== Segment start ==
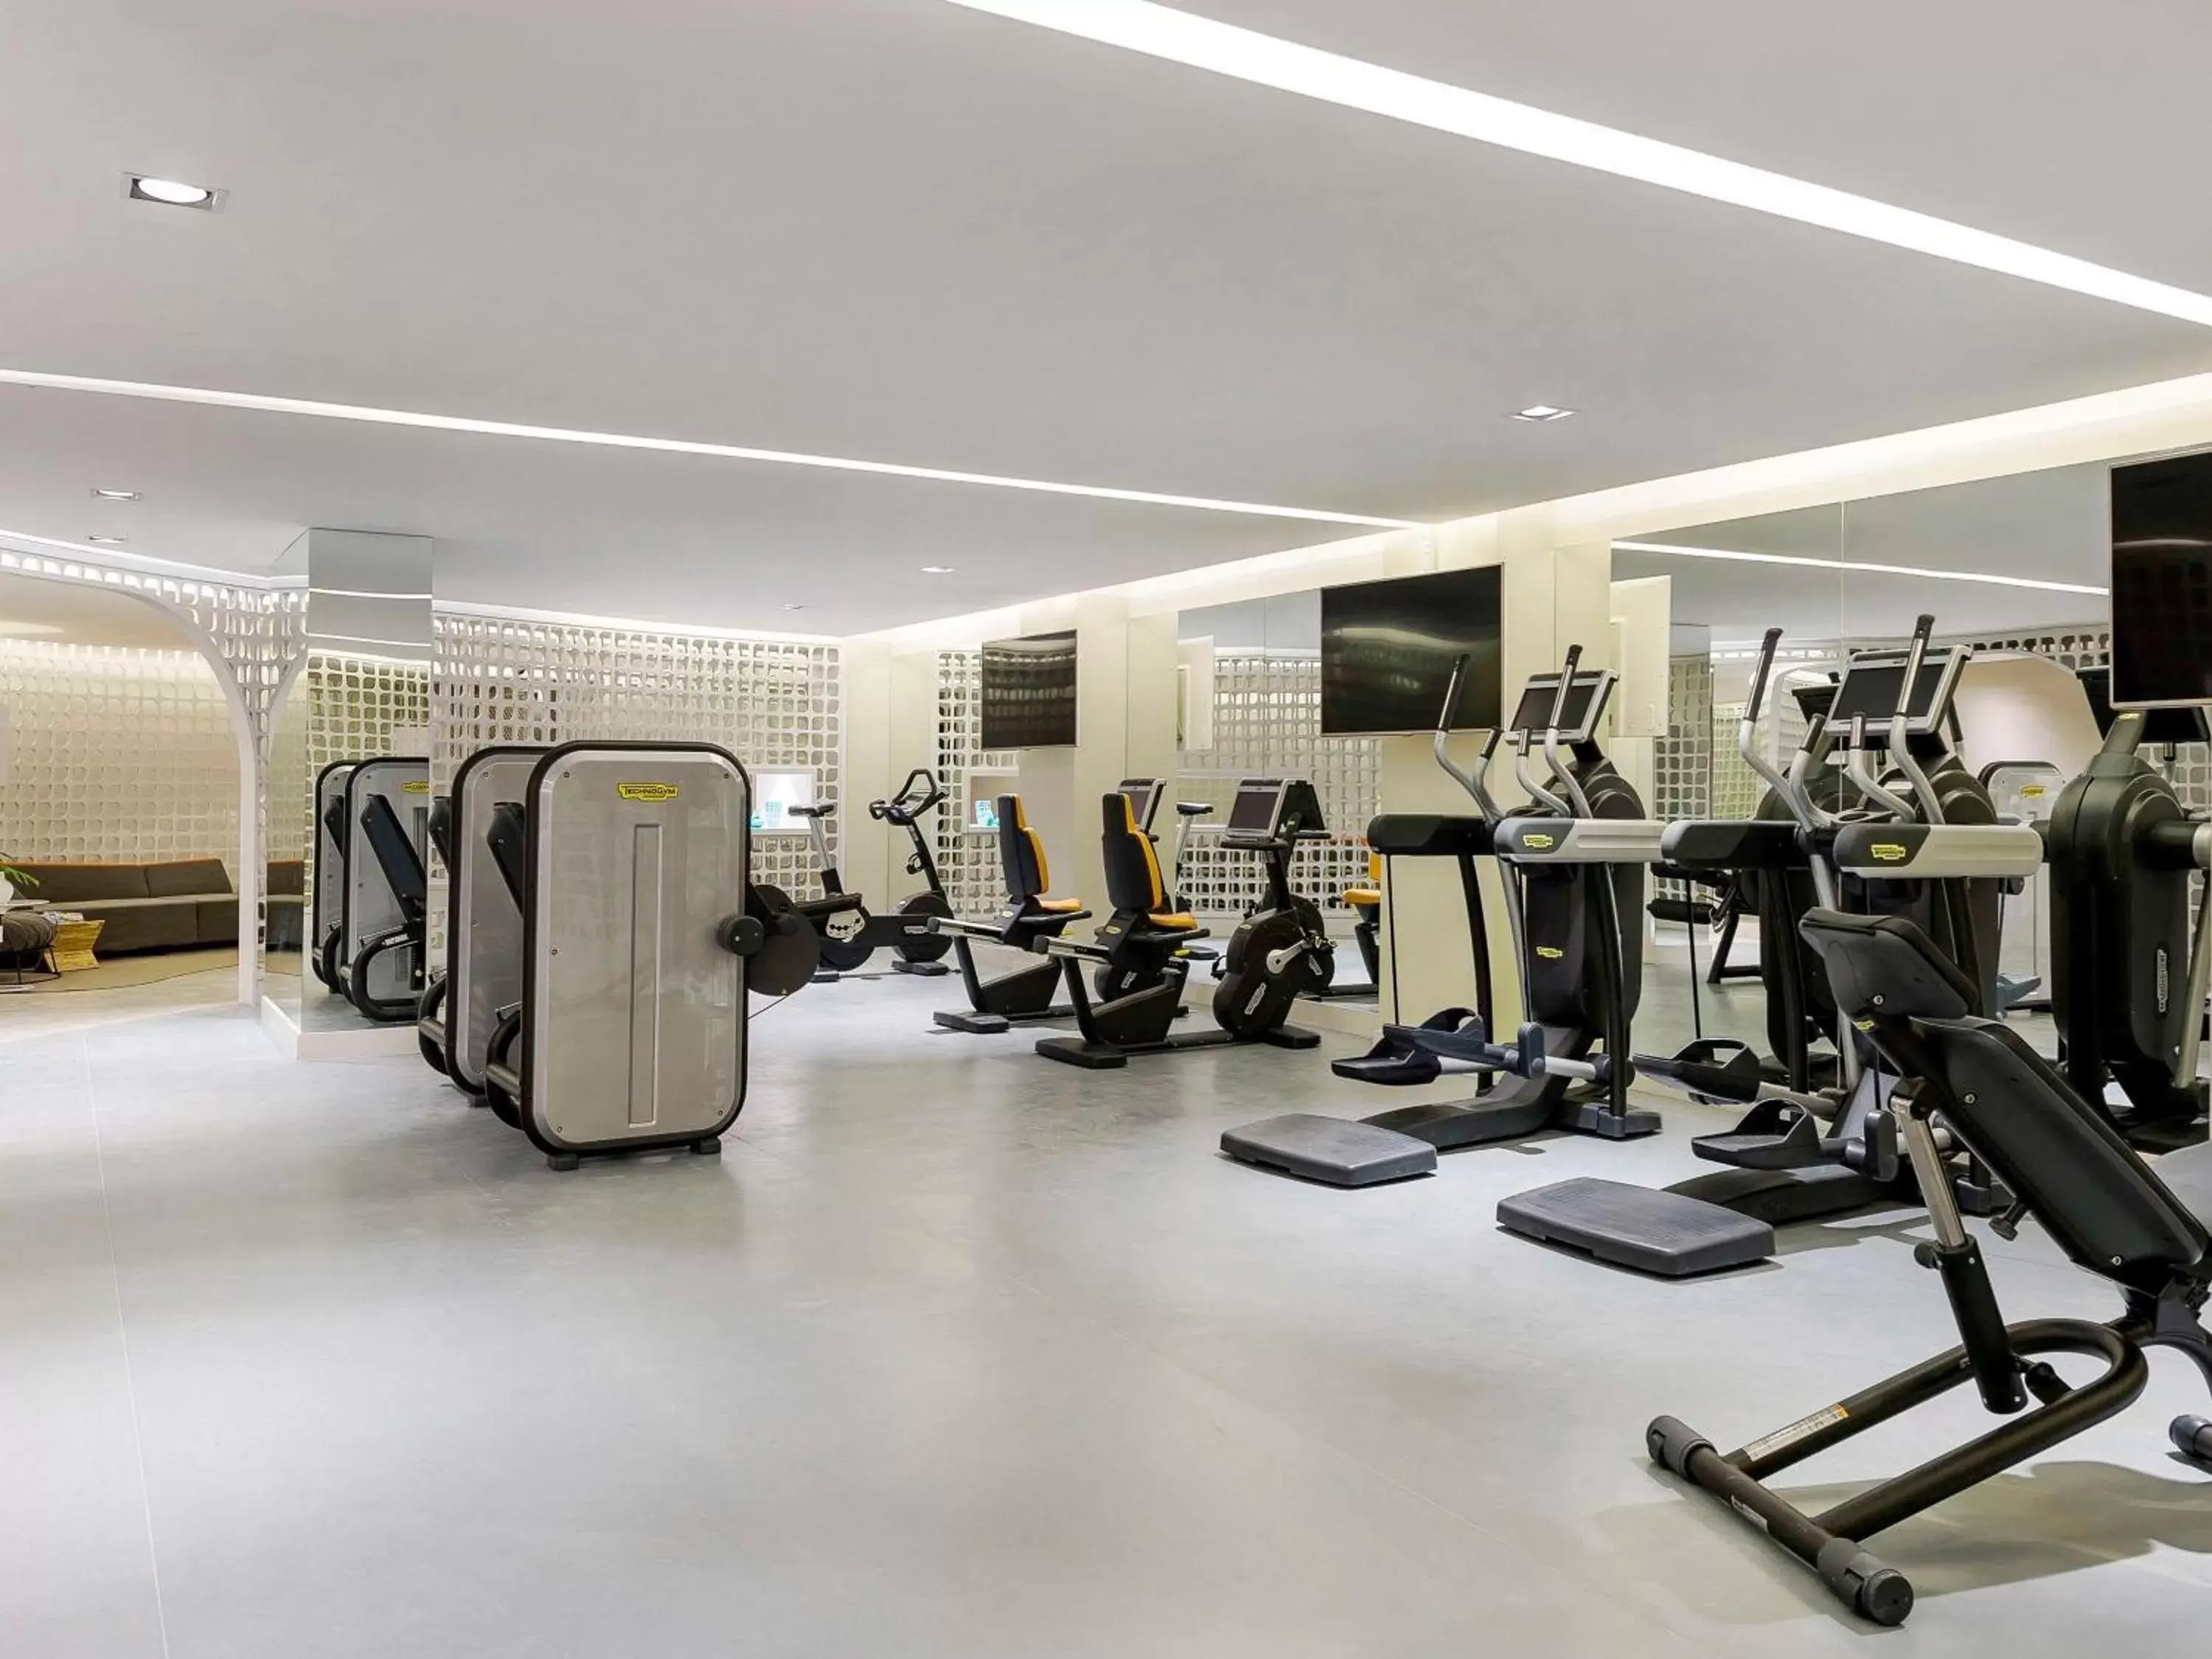 Fitness centre/facilities, Fitness Center/Facilities in Fairmont Rio de Janeiro Copacabana
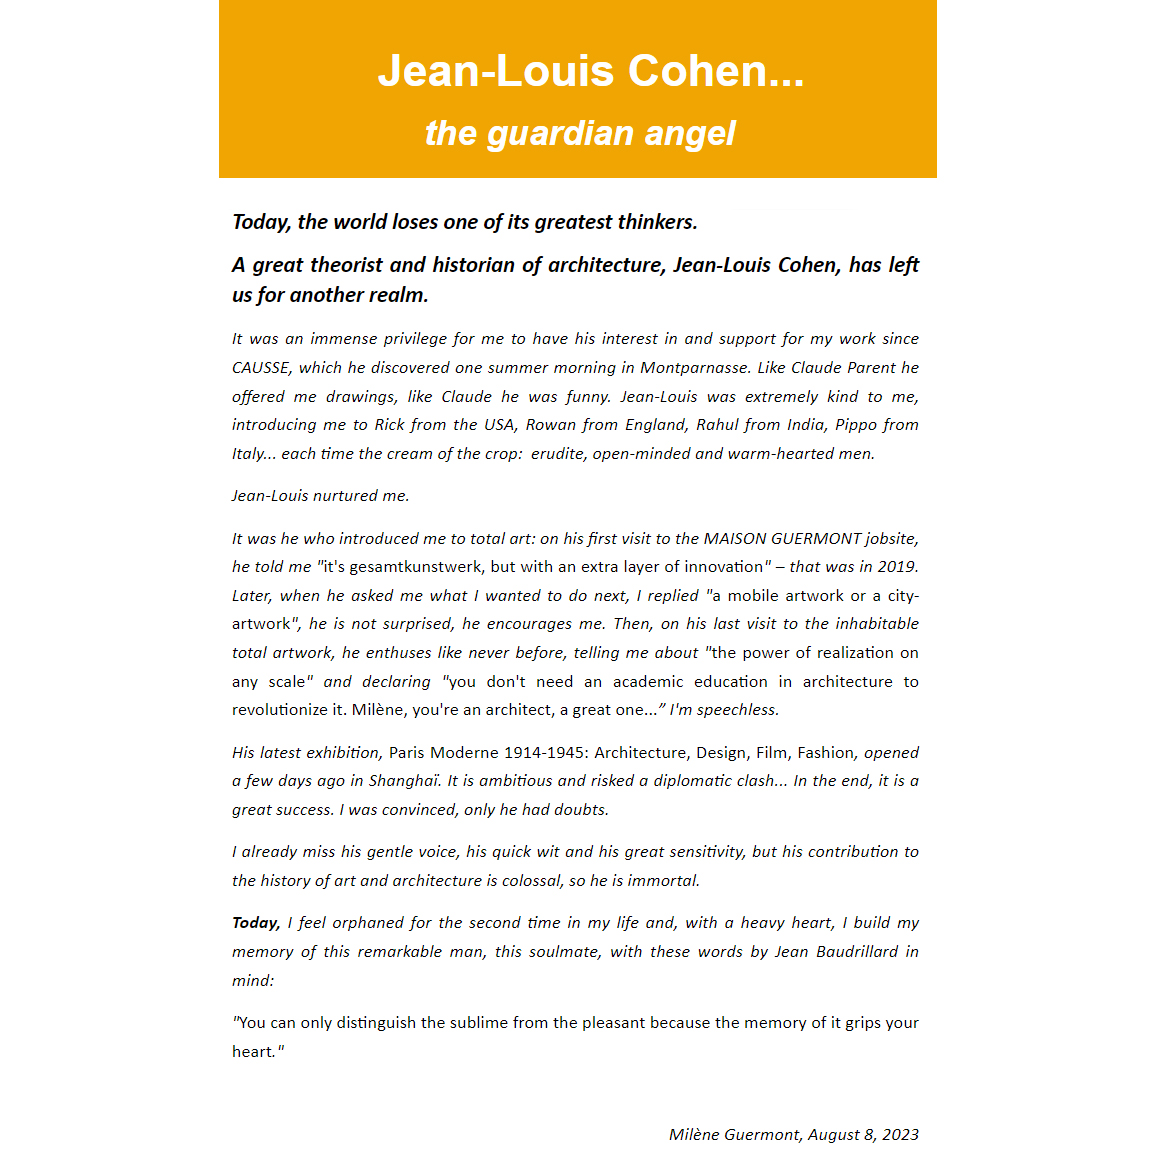 Lettre-homage to Jean-Louis Cohen by Milène Guermont
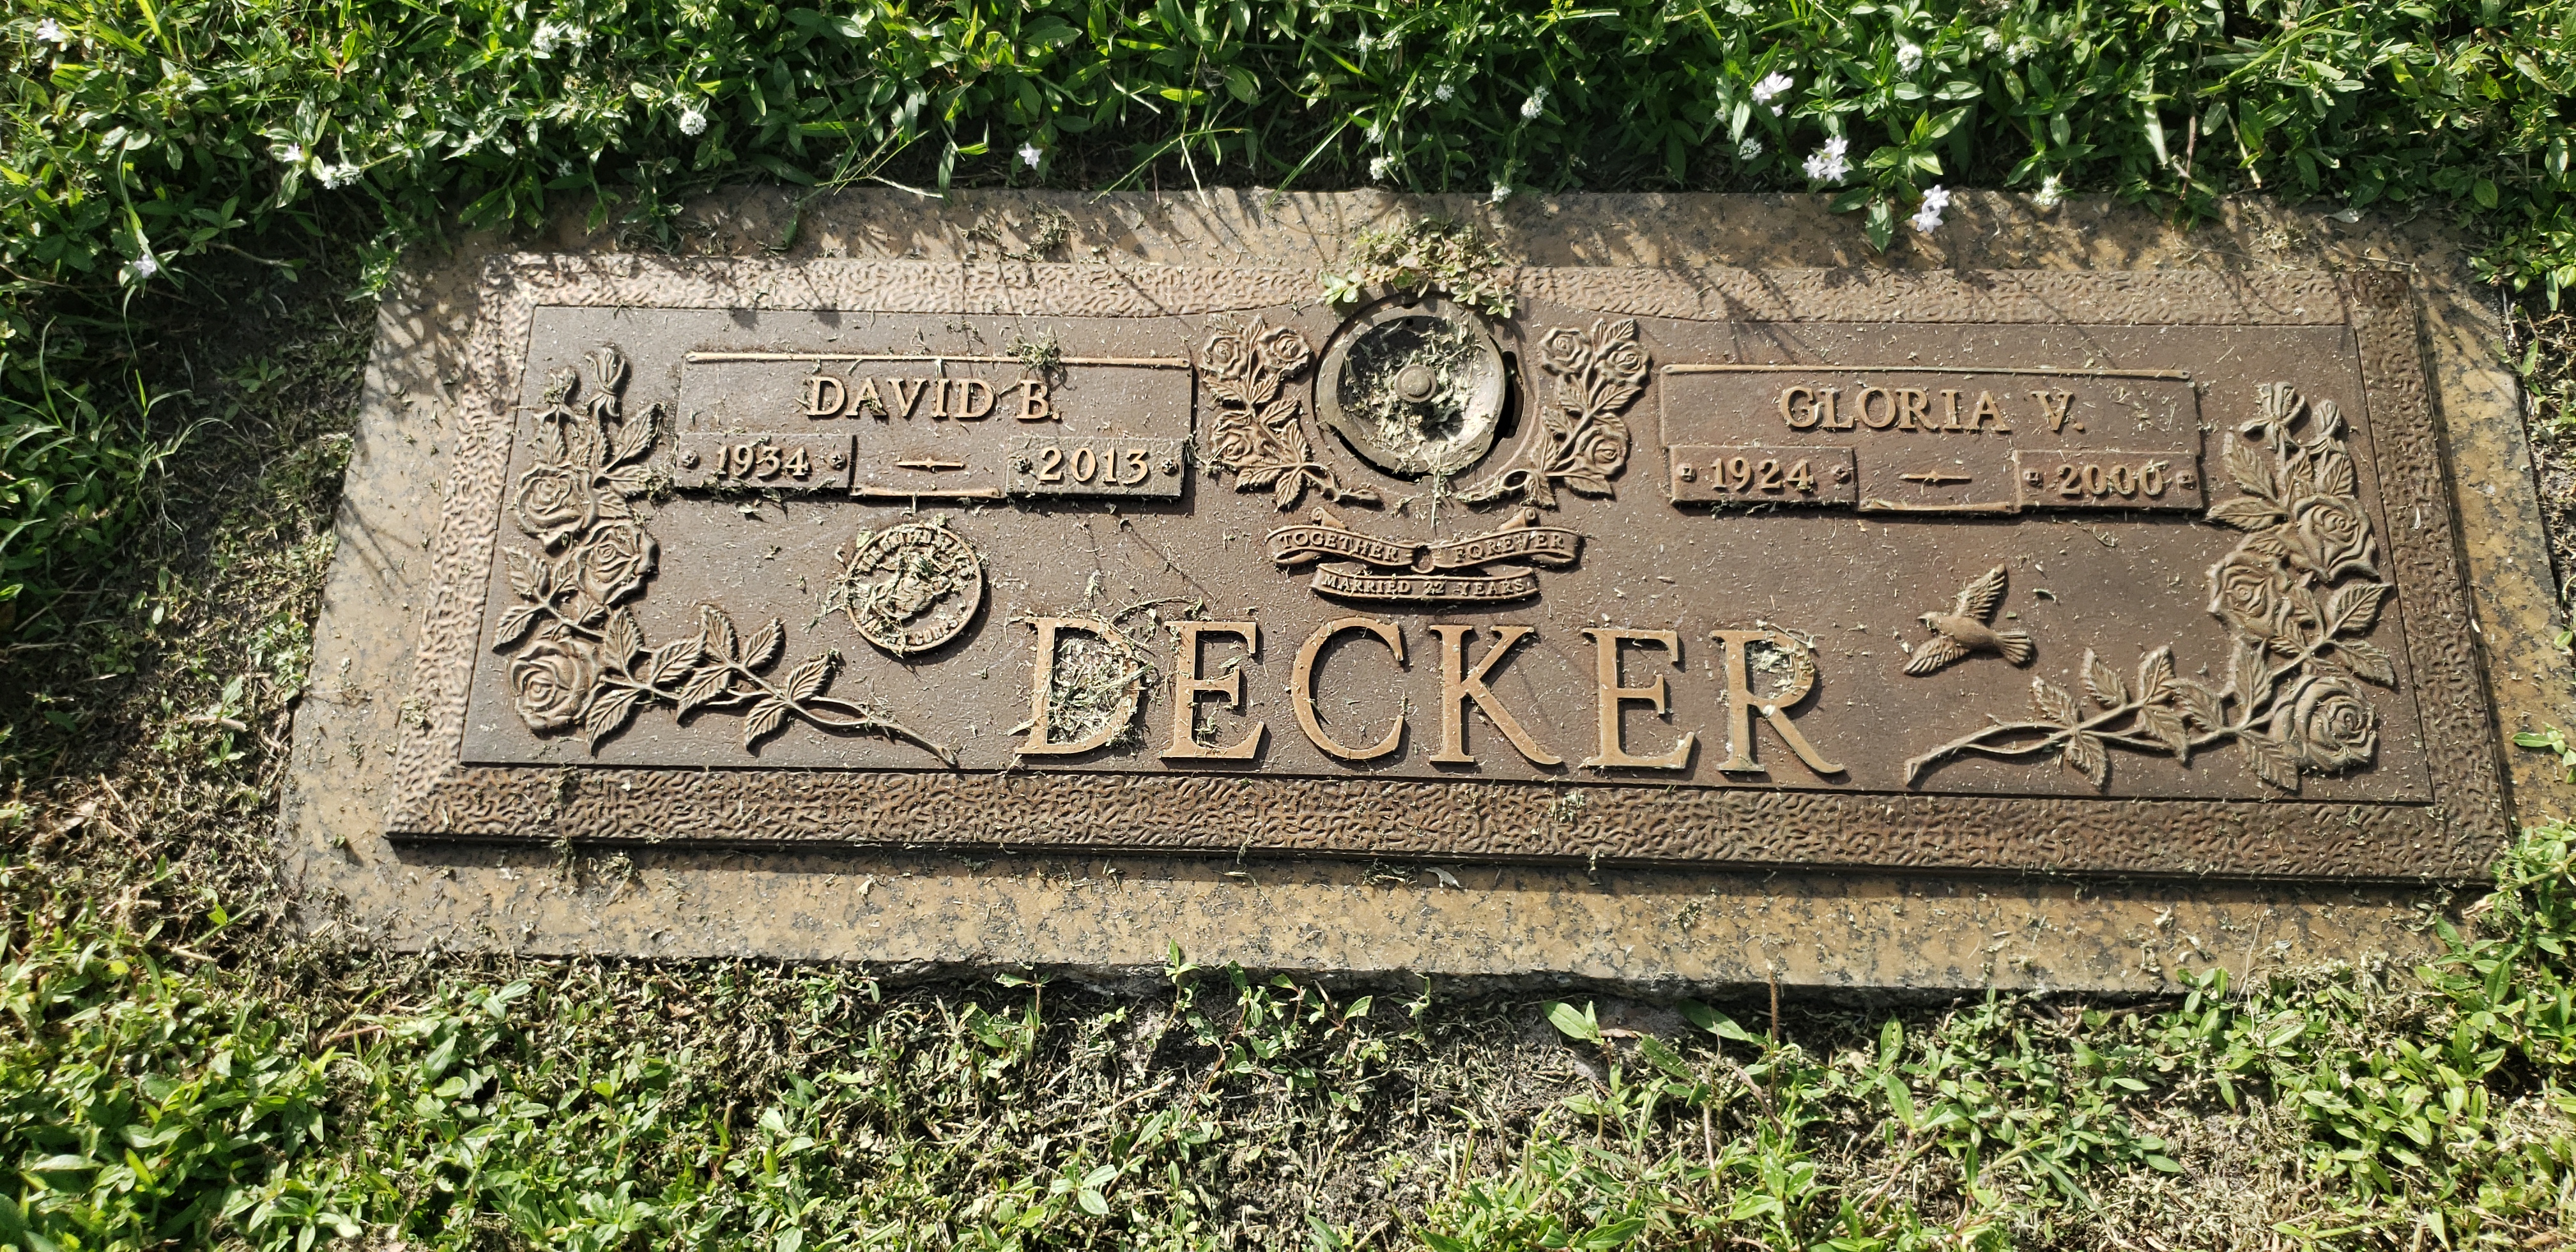 David B Decker
== Segment end ==
◆ **Task goal**
All of the material must be given again exactly, though no picture may appear in the copy.

◆ **Result of the exercise**
 Fitness centre/facilities, Fitness Center/Facilities in Fairmont Rio de Janeiro Copacabana
 Lettre-homage to Jean-Louis Cohen by Milène Guermont
 David B Decker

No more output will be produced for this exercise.